As with essentially every industry, the ways in which we consume sports are consistently refined by technological innovation. Radio, as well as broadcast, satellite and high-definition TV have raised the profiles of baseball, football (both kinds) and basketball. The Internet, too, modified the ways we watch sports, with the ability to analyze information no longer through merely a television screen or that morning’s newspaper. With the web fully entrenched in basic society, new streaming services offer consumers real-time information essentially whenever and wherever they want it, decreasing the need to be in front of the television for a particular program — except for sports, live content’s last bastion. These changing dynamics in streaming, doubtlessly, will further upend the model of sports consumption and threaten the viability of broadcast networks in favor of newer technology companies.
The standard over the past few decades has been for sports leagues to sign “media rights deals” with content providers, who pay to broadcast their games and content throughout the nation and the world, primarily on television [source]. Technological advancements and the practice of economic globalization have enlarged the population of sports consumers; the “rapid rise in sports costs is consistent with supply/demand theory,” creating a “constant imbalance in favor of the … nearly permanent supply shortage of top talent [while] … there are more potential bidders for their services” and content featuring the minuscule number of superstars [source]. So, the value of the sports leagues’ content has leapt and will continue to leap, because the “number of competitors is relatively large … generating continuous high demand” [source]. To date, the majority of these sports media rights deals have been with television companies, which broadcast the sporting events and highlights into homes. As Mark Leibovich, author of the book “Big Game: The NFL in Dangerous Times,” notes: “60 percent of [NFL] revenues [come] from TV over most of their history, and the ratings are going down” [source]. The leagues are paid handsomely for their content, now at the level of billions of dollars per year.
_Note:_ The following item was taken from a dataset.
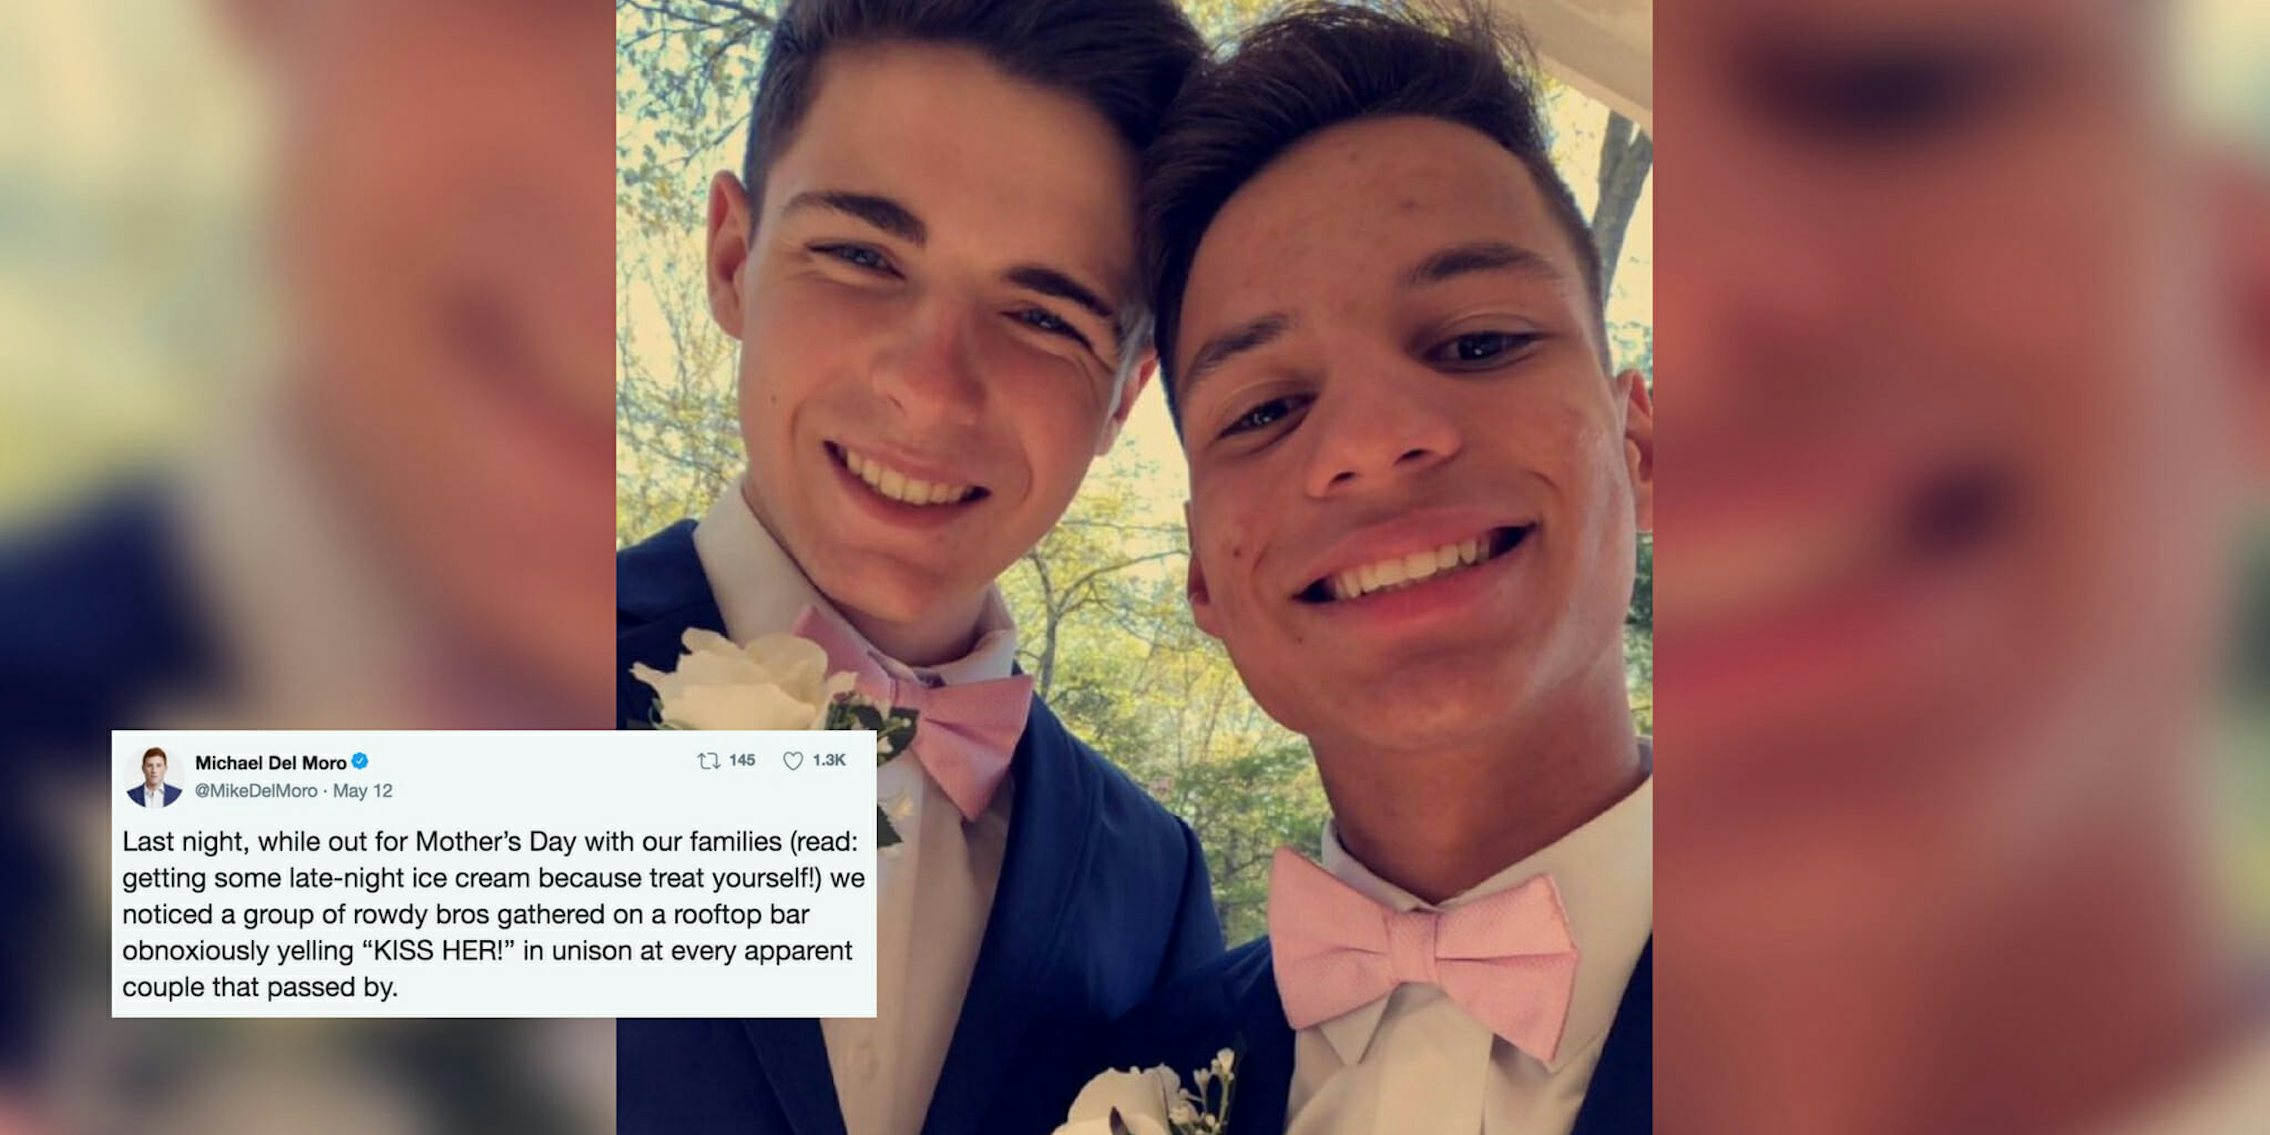 A gay prom couple who onlookers feared would be harassed were openly embraced by strangers in Seaside Heights, New Jersey.

To illustrate, the NBA signed its most recent national TV deal in 2014, a $24 billion, nine-year contract with Disney (through its media networks ESPN/ABC) and Turner Sports, which took effect in 2016 at a rate of $2.667 billion per year [source]. To make revenues and account for the rising costs of producing live events such as sporting events, the operators charge a fee to consumers for the channels that show it.
The research firm SNL Kagan has estimated that in 2017, “$18.37 out of the typical cable subscribers’ [$103] monthly bill was allocated just to sports networks like ESPN and Fox Sports” [source]. Sports – live content – is king. Where pay-TV providers charge more for regional sports networks, it is even higher, as much as “$20 to $25” per month. This is a raise of over five hundred percent since the start of the millenium [source].
However, simultaneous with rising fees over that time period to help pay for the increasing sports rights came the new streaming services and technological advancements that have allowed people to access content, such as movies on Netflix or sports, in a mobile manner. Young people especially are not watching cable anymore; according to Pew, 61% of adults ages 18-29 use streaming services as their primary way to watch content traditionally only available on a television [source]. Choice is king for the people who are going to be consuming content for the next generation. These “a la carte” services, claims NBA Commissioner Adam Silver, are the future of how the majority of people will watch sports [source]. This season the league has started selling not just slices of the 82-game season on a game-by-game basis but also parts of games as well, in order to provide more “customized experiences to meet the needs of NBA fans” [source]. A la carte offerings are perfectly suited for the mobile-first methods of the digital natives, who will come to dominate the consumer base of the media industry.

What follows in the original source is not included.